Due to Quantitative Tightening, the Federal Reserve is draining excess reserves from the banking system. Roughly $1 trillion in excess reserves have been removed from depository institutions.

Again, some may say the nominal level of reserves is still "plentiful" but the rate of change is one of less liquidity and lower reserves.

It cannot be the case that increasing reserves to $2 trillion was a net benefit to the banks but cutting reserves in half is indifferent.

Liquidity is getting tight and funding costs are rising. This is, on the margin, hurting bank earnings and BAC is a great example of that.

On top of rising interest costs, a flattening yield curve and tightening liquidity, the housing market is on shaky ground. Bank CEOs have had to address the problems in the mortgage market.

BAC CEO, Brian Moynihan, admitted to CNBC that the mortgage origination business was slowing from $13 billion last year to $10.5 billion this year. While no crisis or immediate danger appears on the radar screen at the moment, a slowing housing market is adding just another reason why bank stocks, and BAC, are losing the edge they had over the past few years.

Cheap funding is over and banks are finding it more difficult to post accelerating rates of growth without one-off benefits like tax cuts.

Industry trends show that the results out of BAC are not an outlier. Total bank credit reported by the Federal Reserve shows the growth in bank loans and securities is also decelerating.

Bank credit growth is down from 8% to just above 3% in year over year terms.

Real estate loan growth has also fallen roughly 60% to 3.2% year over year.

This data is aggregated by the Federal Reserve and representative of all commercial banks.


I want to make it clear that there is nothing systemically wrong with banks today as there was a decade ago and no crisis is imminent. Banks, however, are facing massive headwinds moving into 2019 and the results out of BAC and the rest of the industry show that to be the case.

Banks are going to face a higher cost of capital, a flatter yield curve and a continued drain on excess reserves given the stated path of the Federal Reserve from actions including rate increases and QT.

BAC showed that interest expense is rising significantly faster than interest income.

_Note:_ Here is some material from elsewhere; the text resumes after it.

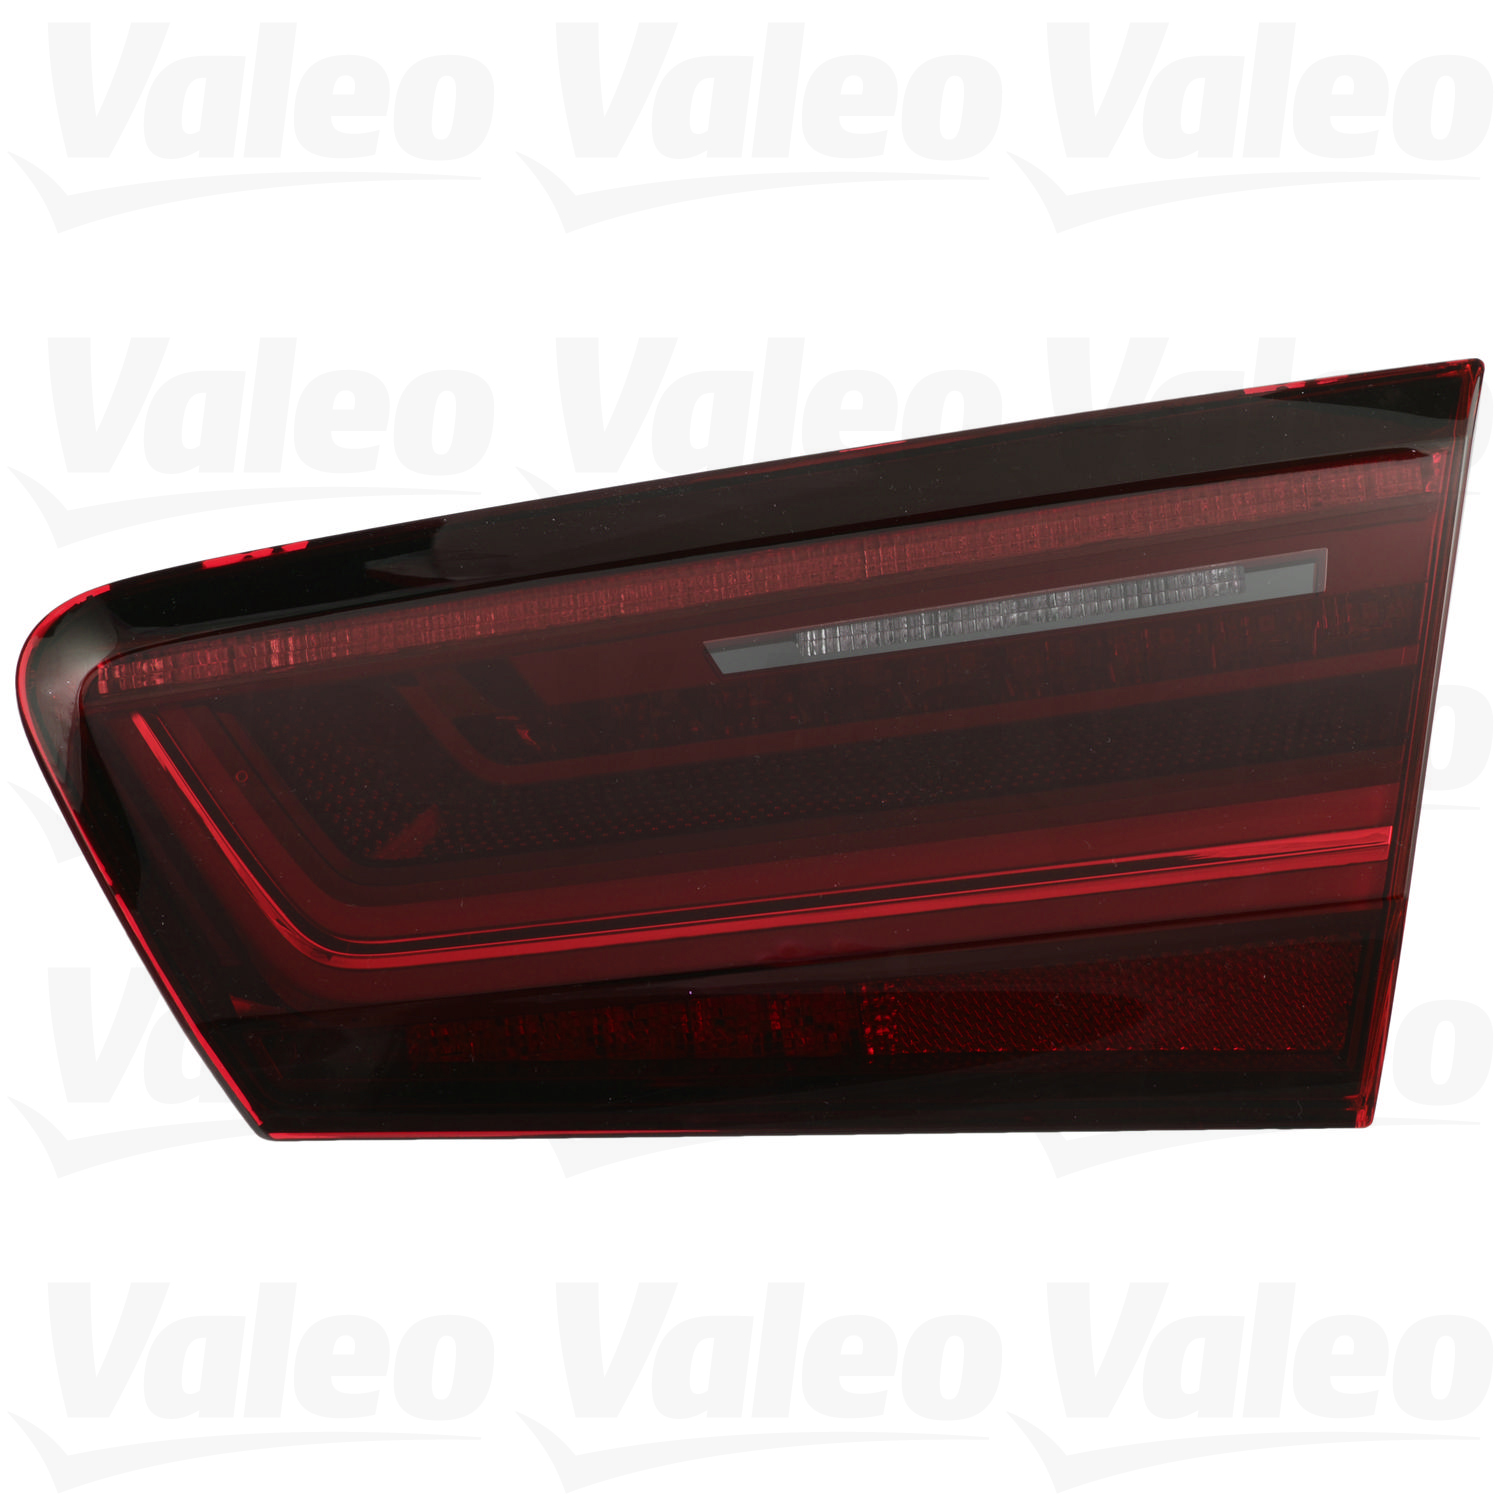 Audi Tail Light Assembly - Passenger Side Inner (LED) 4G5945094D - Valeo 47017

The nominal dollar change is still allowing net interest income growth to be positive but that may change in 2019 as short-term rates continue to rise and the cost of funding continues to increase.

There was a massive run in bank stocks and BAC over the past two years. The headwinds today may indicate that bank stocks simply ran too far, valuations got too extended and now new challenges are on the horizon.

Banks are now repricing to face these new issues that are challenging the industry as a whole.

Bank stocks and BAC may be due for a rally given how sharp the declines have been but over the next 12 months, the group is likely to continue to underperform.